Subject: NC_010729:225616 Porphyromonas gingivalis ATCC 33277, complete genome

Lineage: Porphyromonas gingivalis; Porphyromonas; Porphyromonadaceae; Bacteroidales; Bacteroidetes; Bacteria

General Information: This strain was isolated from human gingiva. This organism is associated with severe and chronic periodontal (tissues surrounding and supporting the tooth) diseases. Progression of the disease is caused by colonization by this organism in an anaerobic environment in host tissues and severe progression results in loss of the tissues supporting the tooth and eventually loss of the tooth itself. The black pigmentation characteristic of this bacterium comes from iron acquisition that does not use the typical siderophore system of other bacteria but accumulates hemin. Peptides appear to be the predominant carbon and energy source of this organism, perhaps in keeping with its ability to destroy host tissue.
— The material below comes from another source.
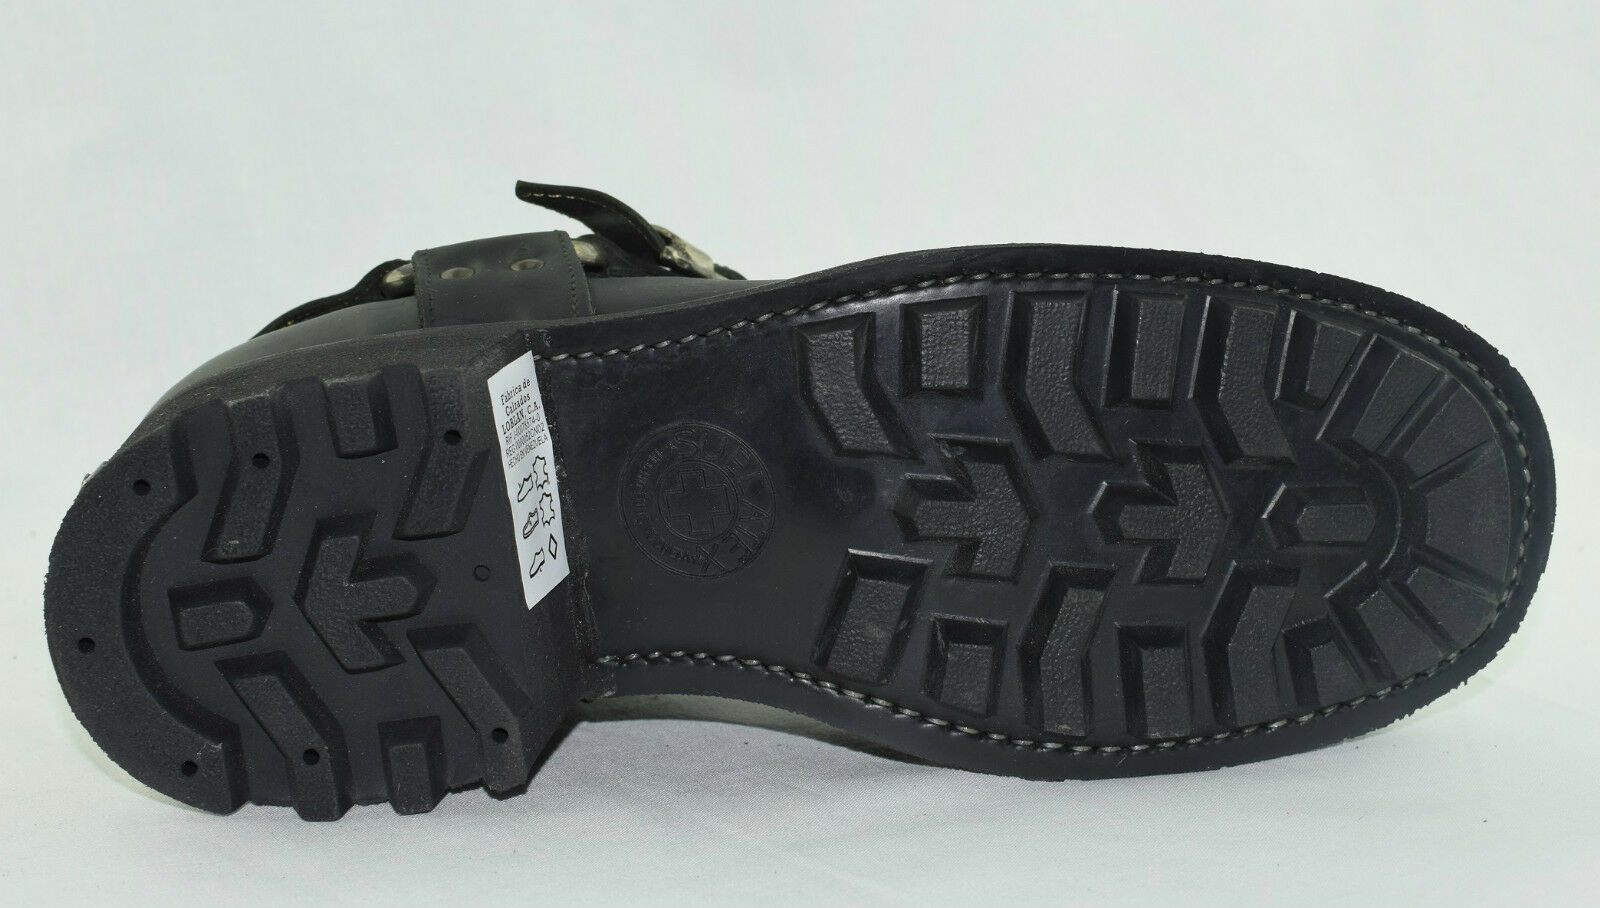 Loblan 611 Black Waxy Leather Men'S Biker Boots Classic Round Toe Handmade Bike
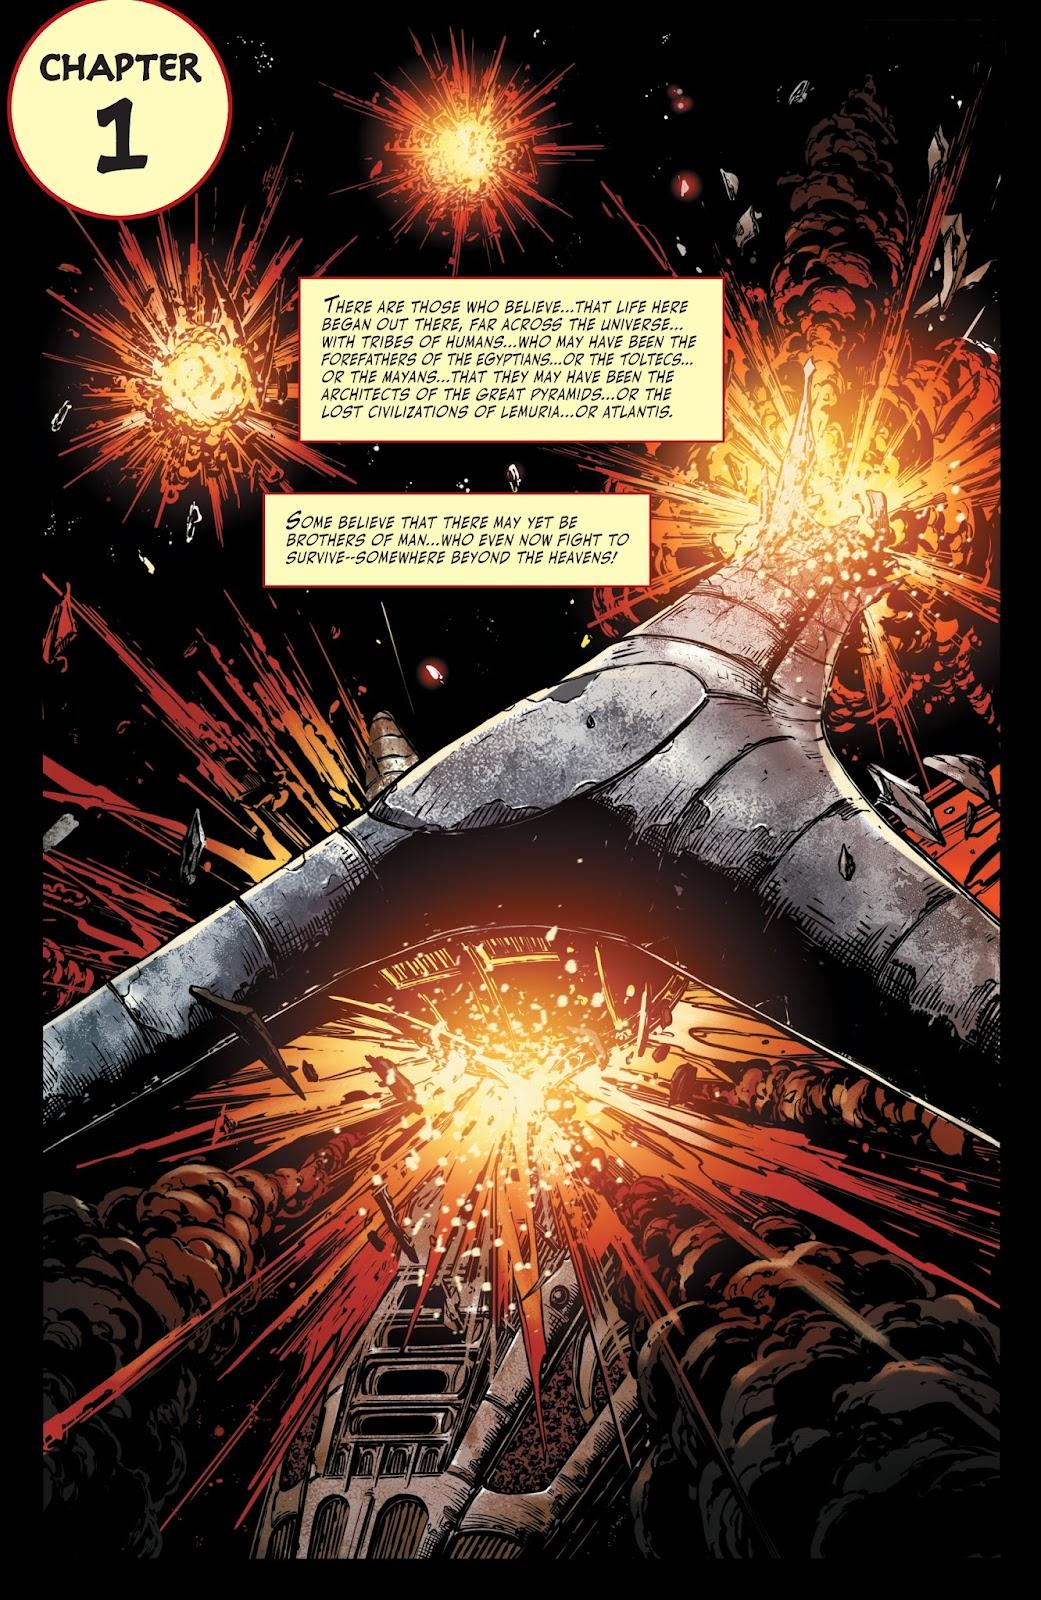 Battlestar Galactica BSG vs. BSG issue 1 - Page 4

Oxygen tolerance systems play a part in establishment of the organism in the oral cavity, including a superoxide dismutase. Pathogenic factors include extracellular adhesins that mediate interactions with other bacteria as well as the extracellular matrix, and a host of degradative enzymes that are responsible for tissue degradation and spread of the organism including the gingipains, which are trypsin-like cysteine proteases.